▶ [Task prompt] Set down, exactly and with no pictures, the line that contains "Sign in Norwegian" and all lines after it in the listing.

▶ [Collected material]

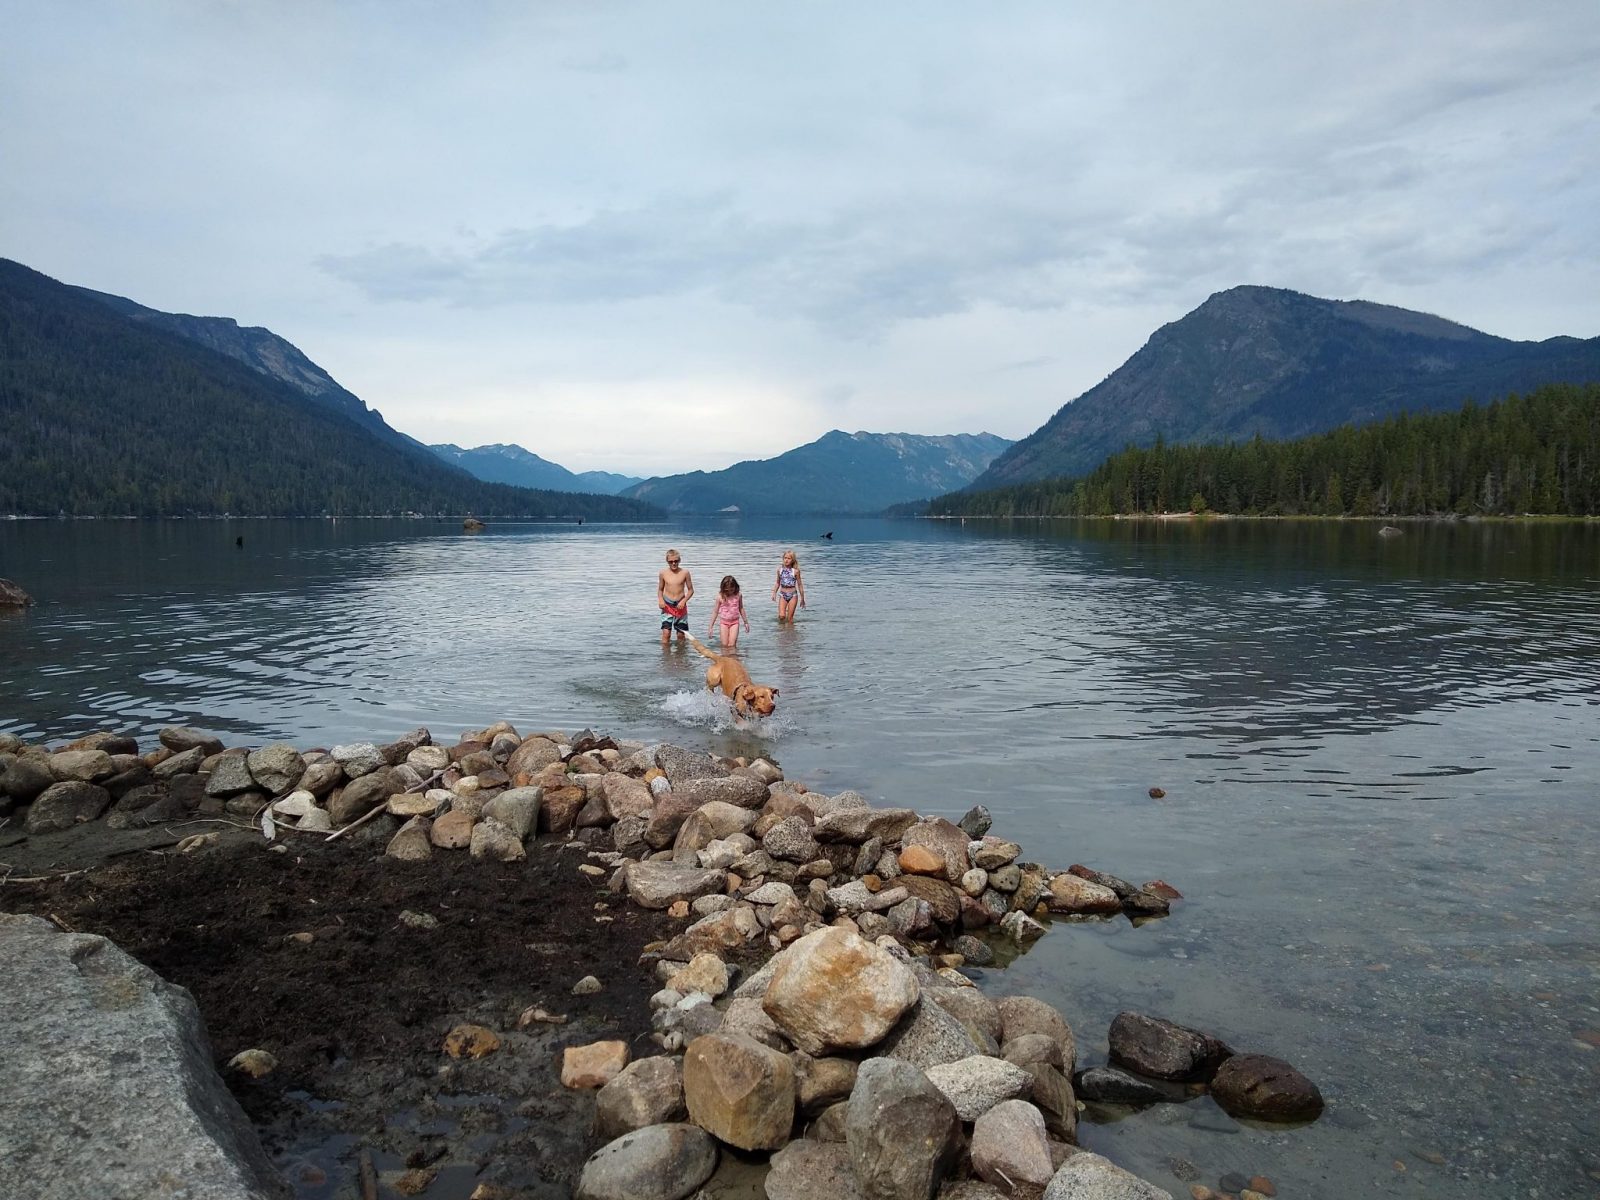 Three kinds and a dog playing in the water at the rocky shore of lake wenatchee on an overcast day. Across the large lake there are forested hillsides and mountains
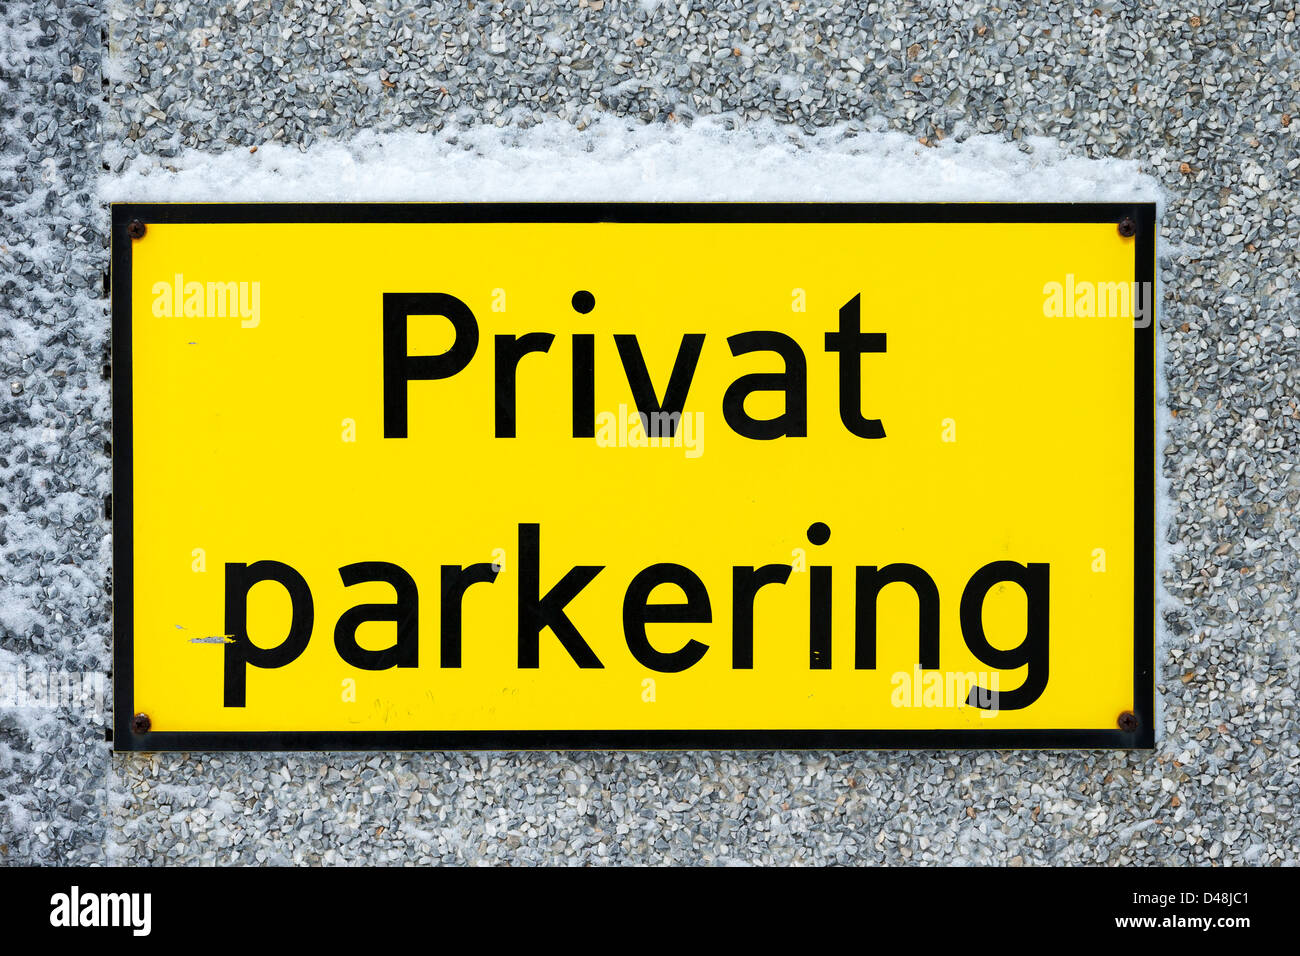 Sign in Norwegian saying 'Privat parkering' - private parking. Stock Photo
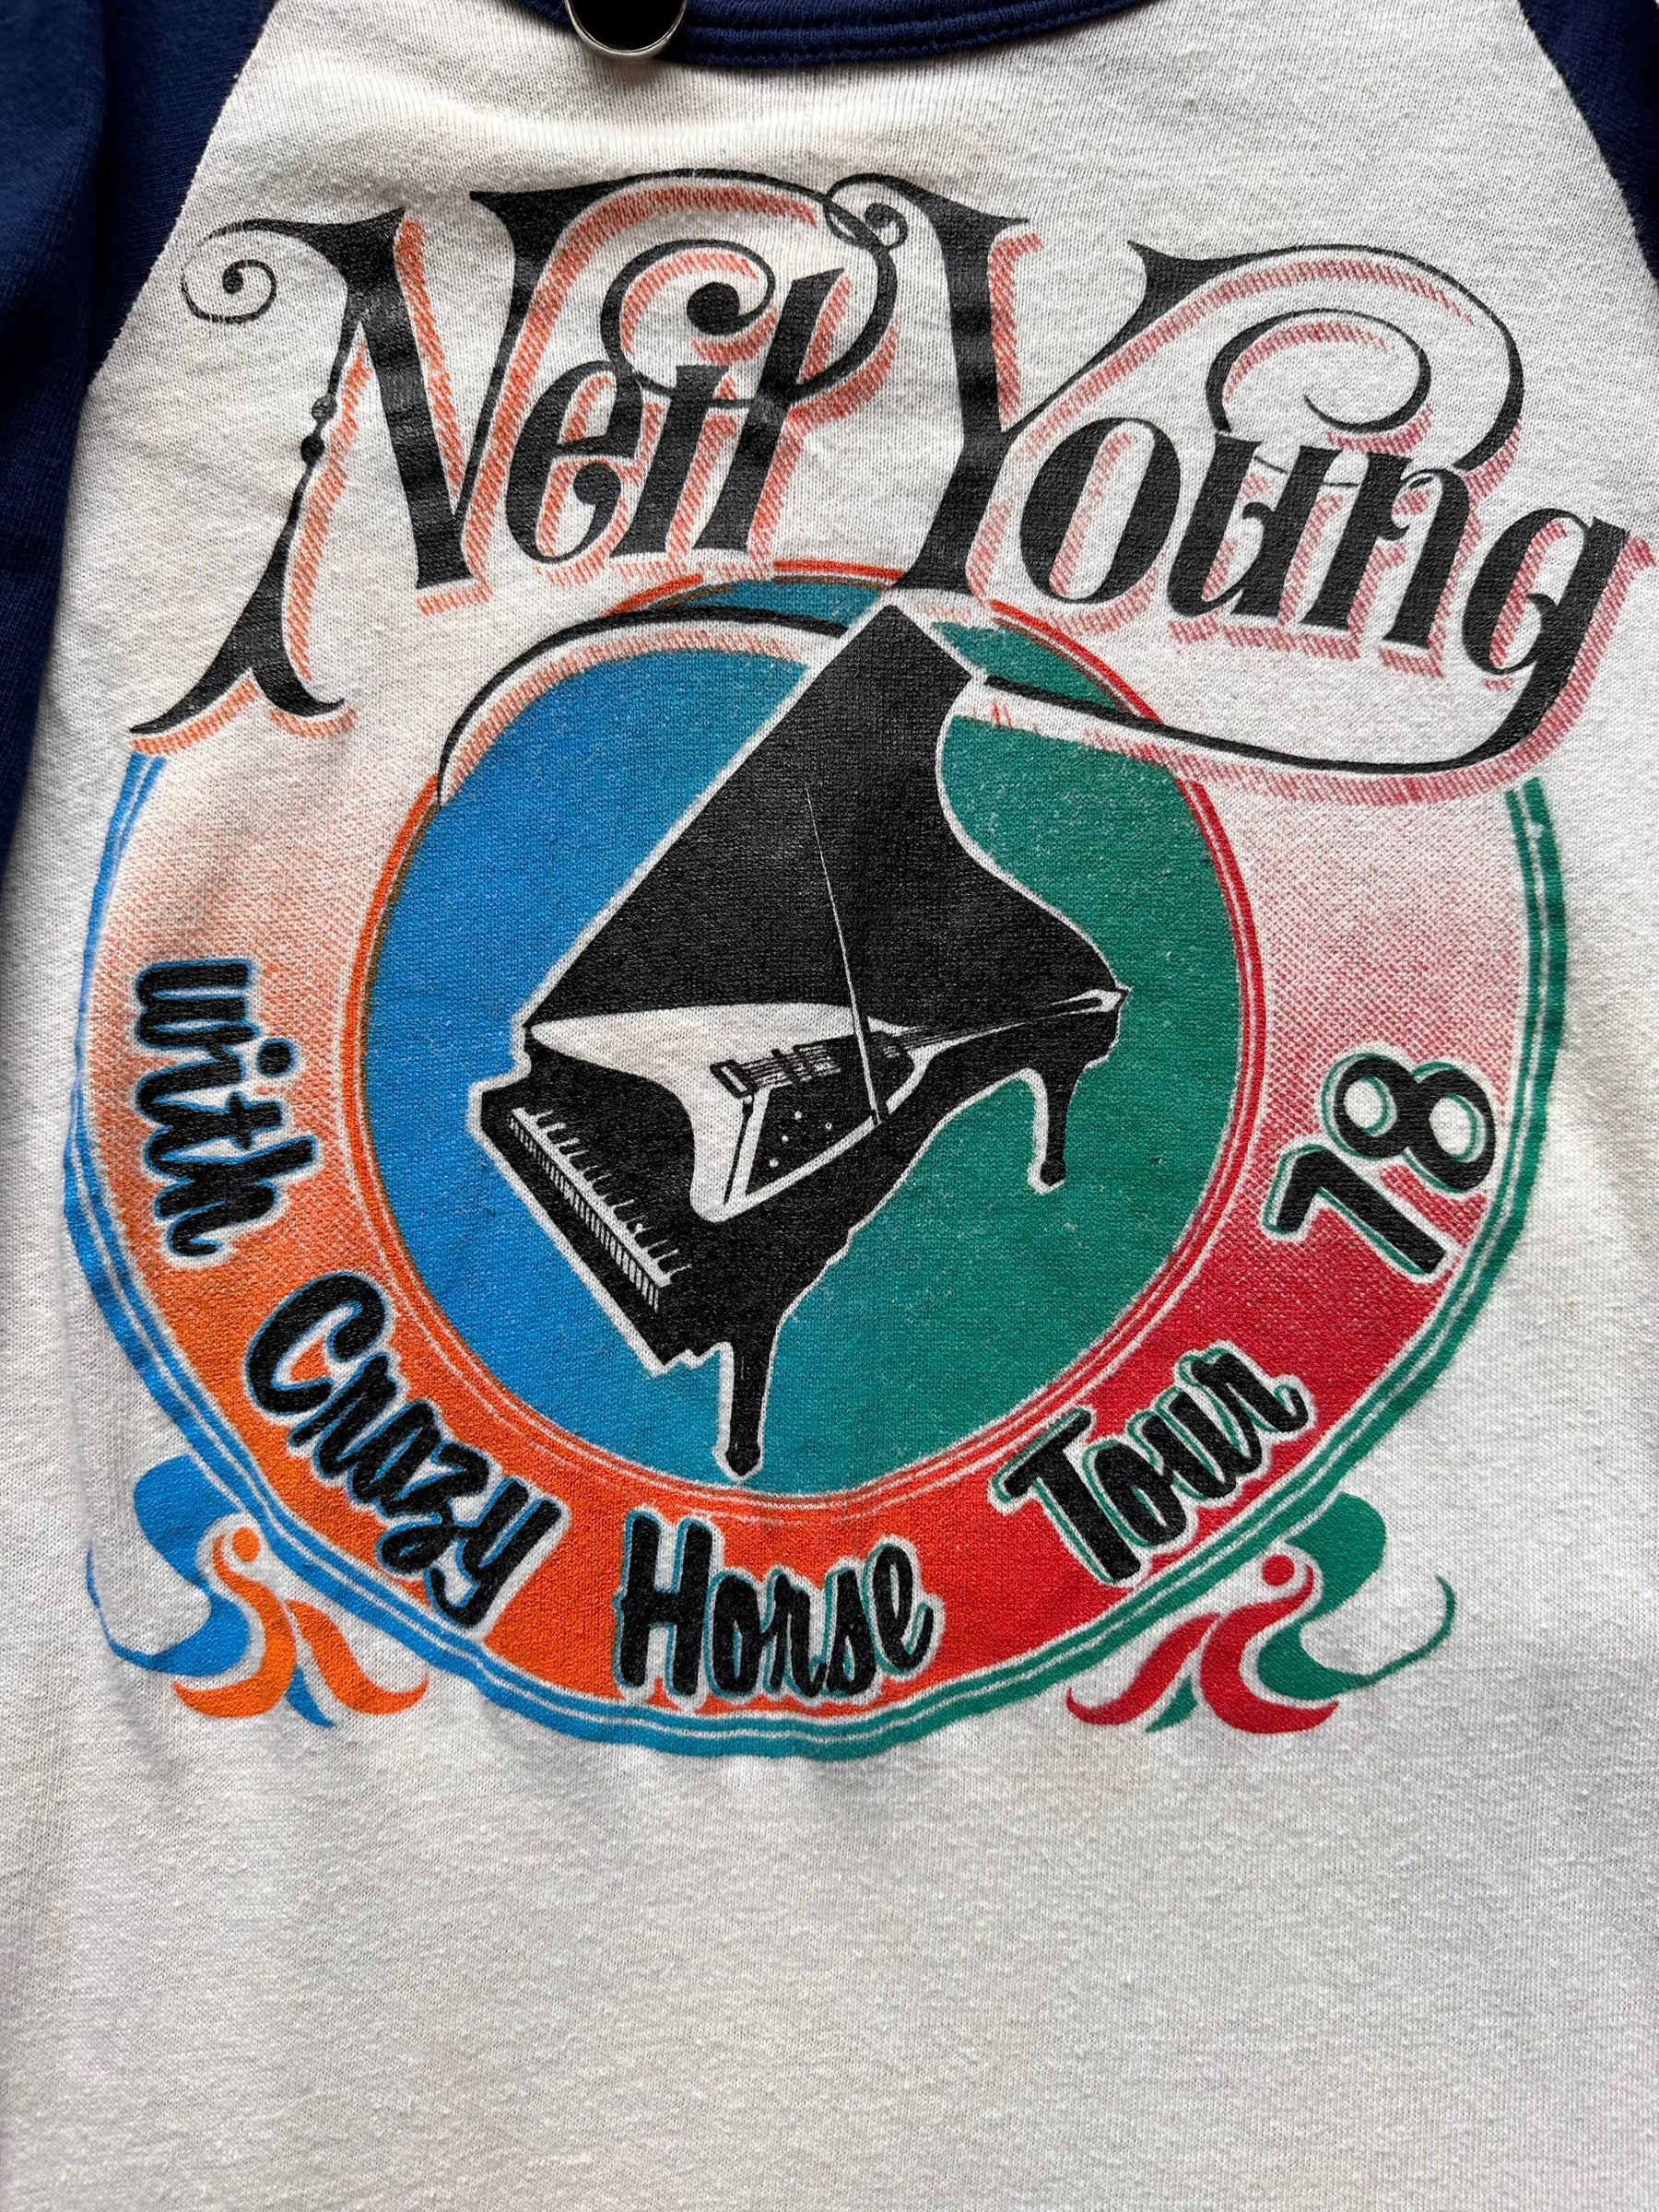 Graphic Detail on Vintage Neil Young & Crazy Horse 1978 Tour Tee SZ XL |  Barn Owl Vintage Clothing | Vintage Neil Young Tees Seattle

▶ [Answer section]
 Sign in Norwegian saying 'Privat parkering' - private parking. Stock Photo
 Graphic Detail on Vintage Neil Young & Crazy Horse 1978 Tour Tee SZ XL |  Barn Owl Vintage Clothing | Vintage Neil Young Tees Seattle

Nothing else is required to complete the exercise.